Entretiens,  Jacques Bernardin,  Numéro 31

Les « fondamentaux » sont pensés à courte vue | Entretien avec Jacques Bernardin

Jacques Bernardin est président du Groupe français d’éducation nouvelle (GFEN).

Christine Passerieux pour carnets rouges : Le GFEN est né au début du XXème siècle. Quels en sont les fondements ? Comment la question des savoirs pour une école démocratique a traversé son histoire ?

Le GFEN est la section française de la Ligue Internationale de l’Éducation Nouvelle (LIEN) fondée au Congrès de Calais en 1921, en réaction à la boucherie de 14-18. L’esprit revanchard et l’acceptation fataliste de la guerre par les peuples apparait comme la conséquence d’une éducation exaltant le nationalisme, éducation corsetée et autoritaire, assise sur une transmission magistrale ne sollicitant chez les élèves que passivité réceptive, répétition et obéissance sur fond de rivalité compétitive.

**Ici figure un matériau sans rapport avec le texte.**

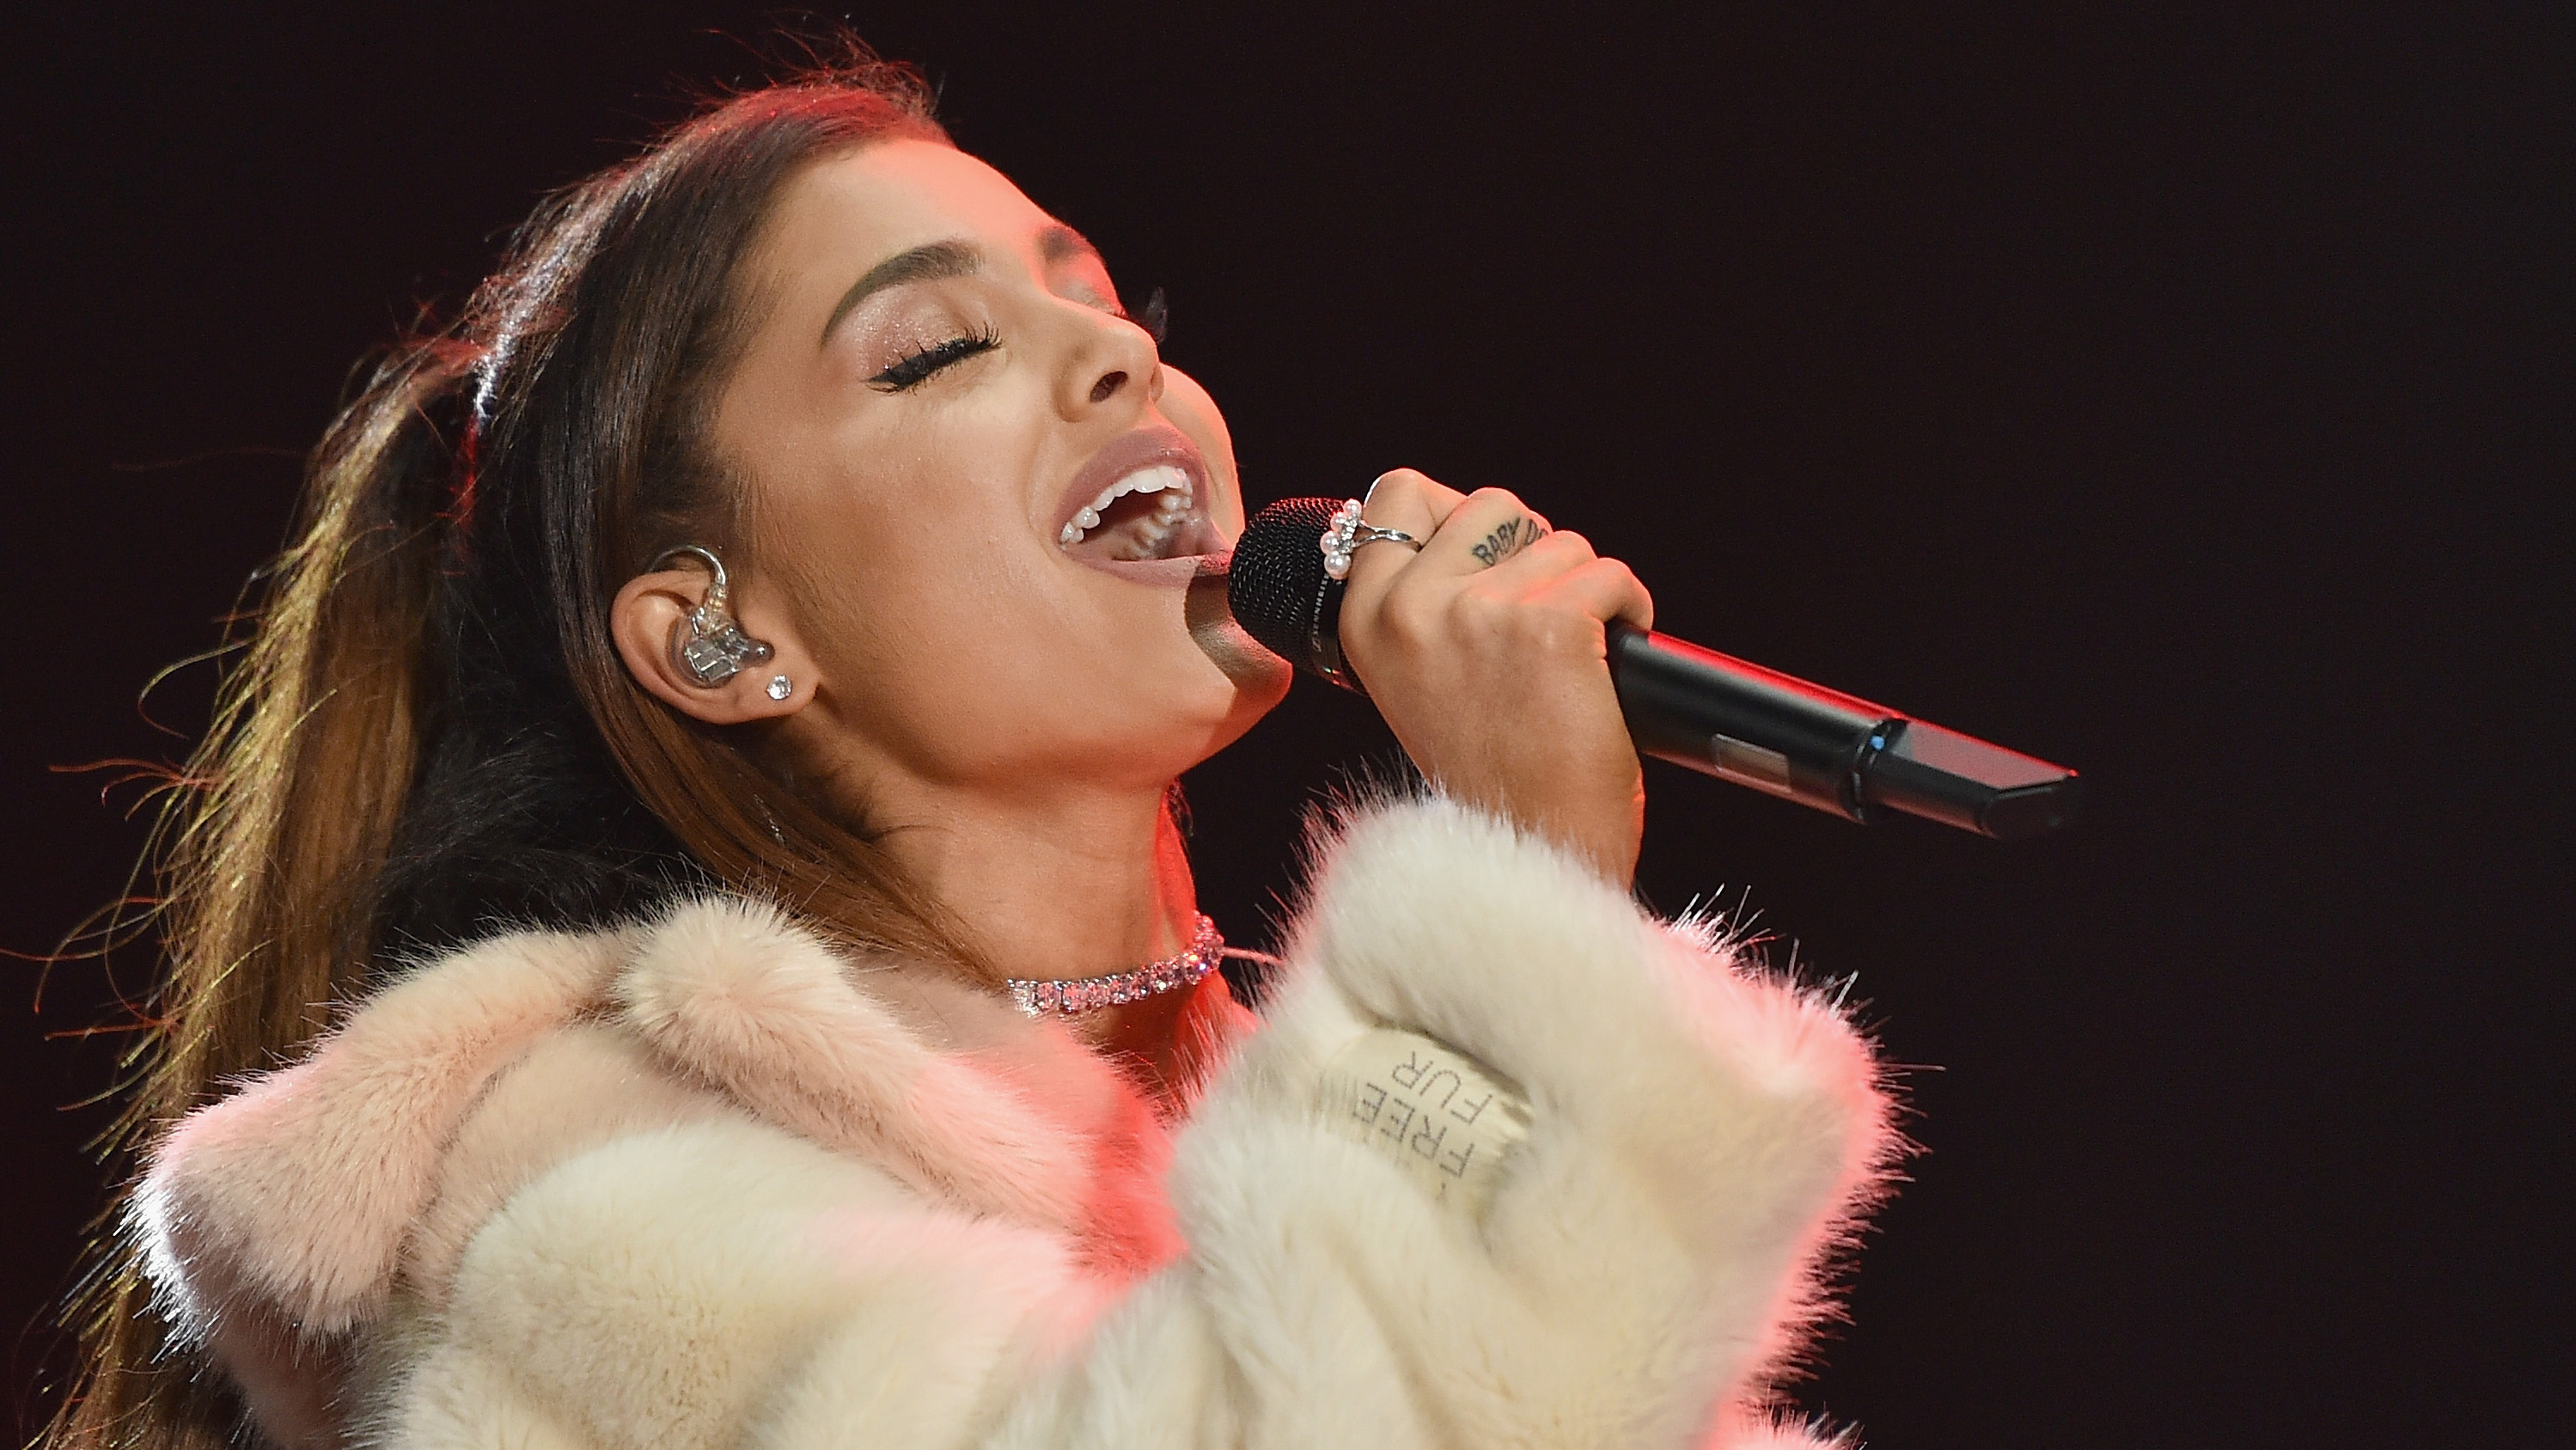 Ariana Grande Naked Xxx - Start talking about Ariana Grande's fight for equality â€” not...

La Ligue rassemblait une diversité de sensibilités et d’orientations. Le GFEN, marqué par ses présidents (H. Piéron, P. Langevin, H. Wallon) se singularisait par « l’orientation scientifique de la recherche pédagogique et son exploitation pour les finalités démocratiques d’une société plus juste ».

Sous le Front populaire, la loi du 9 août 1936 prolonge la scolarité jusqu’à 14 ans et rapproche les écoles primaires supérieures des collèges et lycées. Jean Zay s’entoure de Gustave Monod, Louis Cros et Roger Gal, membre actif du GFEN qui, en 1927, est chargé des classes d’orientation avec Henri Wallon : 172 classes expérimentales de 25 élèves sont créées, qui appliquent les méthodes actives.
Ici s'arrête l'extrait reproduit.